Clean Water Current
Second Circuit Hears Oral Argument in Groundwater Conduit Theory Litigation
The US Court of Appeals for the Second Circuit heard oral arguments on April 18 in 26 Crown Associates, LLC v. Greater New Haven Water Pollution Control Authority, another in a line of federal lawsuits examine if the role of the Clean Water Act (CWA) in regulating pollutants to groundwater.
The appeal involves a claim against NACWA Member Agency, Greater New Haven Regional Water Pollution Control Authority, alleging that the city’s sewer system resulted in continuing and chronic backflows of sewage into the basement of a local property, which in turn resulted in releases of untreated sewage directly into the Long Island Sound. The plaintiff argues that wastewater seeps from basements into groundwater then migrates into hydrologically connected navigable waters resulting in a violation of the CWA.

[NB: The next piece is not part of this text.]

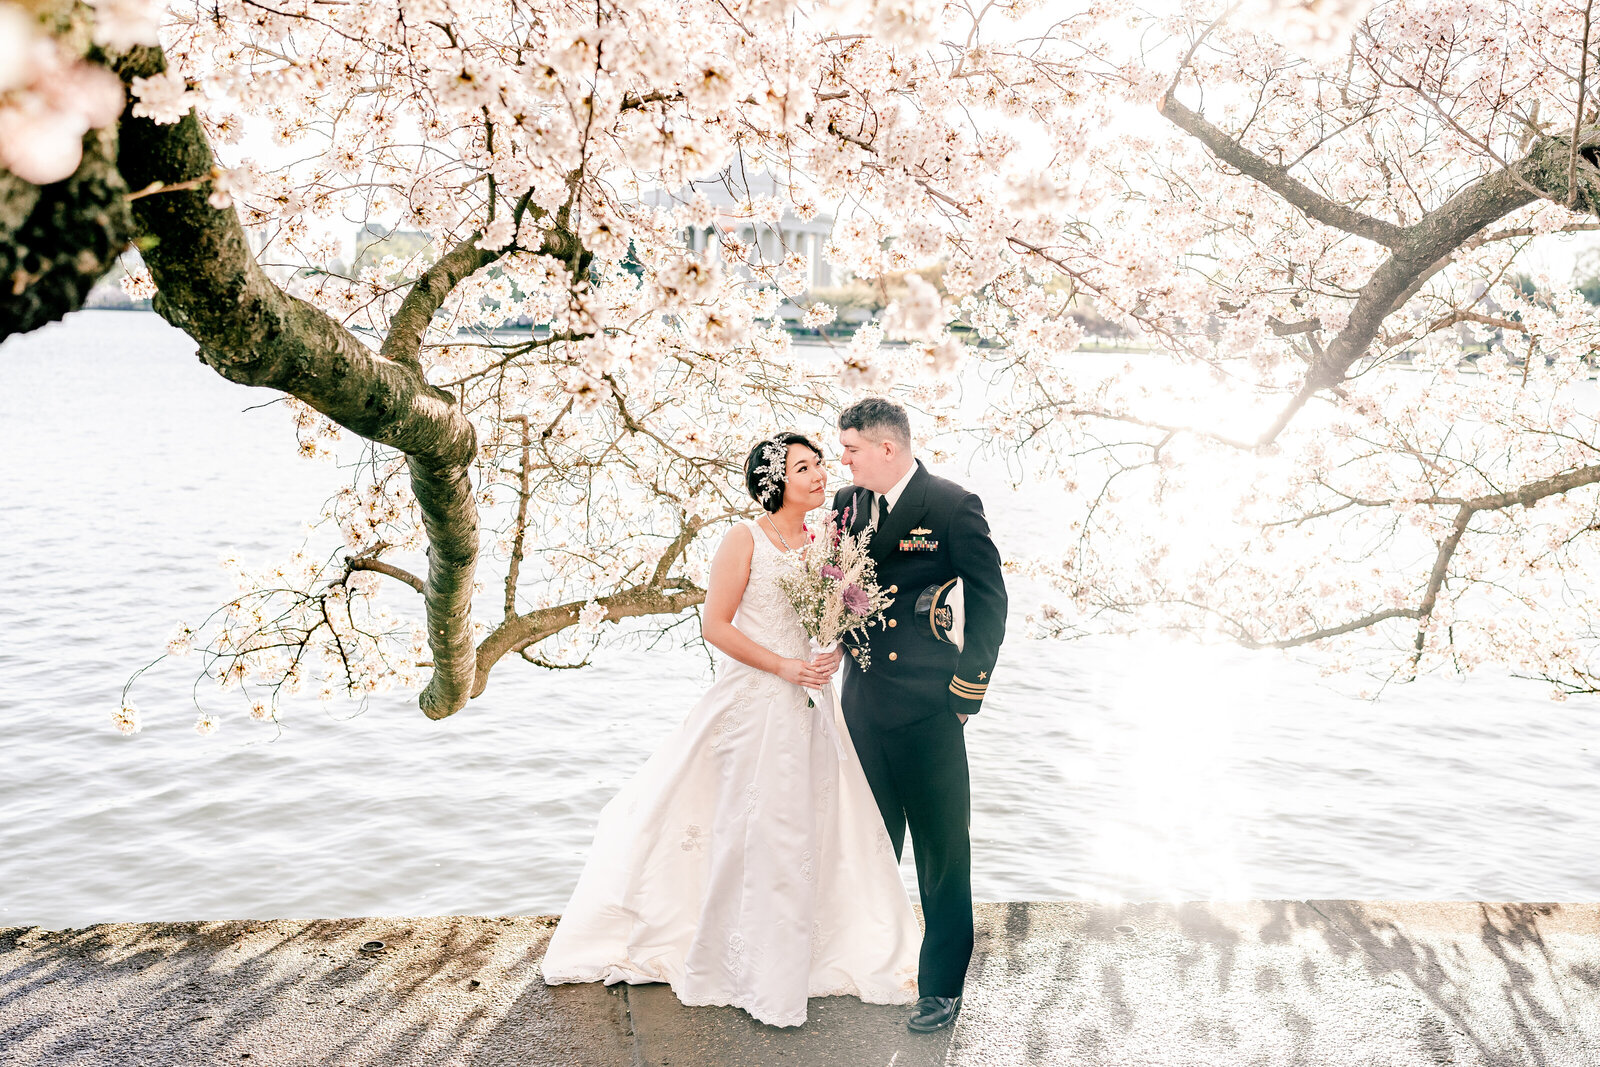 A bride and groom smile at each other underneath the trees for cherry blossom portraits in Washington DC

The appeal arises from the district court’s dismissal of the complaint based on the failure of the plaintiffs to state a claim. In dismissing the complaint, the district court explained that the CWA requires that there be a discharge of pollutants to navigable waters, and the plaintiffs failed to plead sufficient facts to suggest that the backflows into their basement actually reached the Long Island Sound. The court also rejected the conduit theory, reasoning that passive migration of pollutants through ground water does not suffice as a matter of law to state a claim under the CWA.
At oral argument, the three-judge panel of the Second Circuit seemed disinclined to reach the merits of the conduit theory, focusing instead on the plaintiff’s lack of standing to bring the claims at all. The panel focused on the fact that the plaintiff did not sufficiently show that it had been harmed by discharges reaching the Sound, a critical element of standing under the CWA. Some discussion centered on whether migration of pollutants through groundwater into the Sound could result in liability under the CWA, with the panel referencing the complexities created by the Rapanos decision and noting that the case law surrounding the conduit theory is equally murky.
In November 2017, NACWA and 25 other entities joined a brief filed by the City of New York in the appeal, urging the Second Circuit to uphold the lower court’s decision dismissing the suit and rejecting the CWA liability arguments. The case is one of several cases pending in federal appeals courts focused on the groundwater conduit theory. EPA is also considering potential rulemaking to address the question of whether pollution that migrates through groundwater into hydrologically connected navigable waters is subject to regulation under the CWA, and Congress recently held a hearing on the issues as well.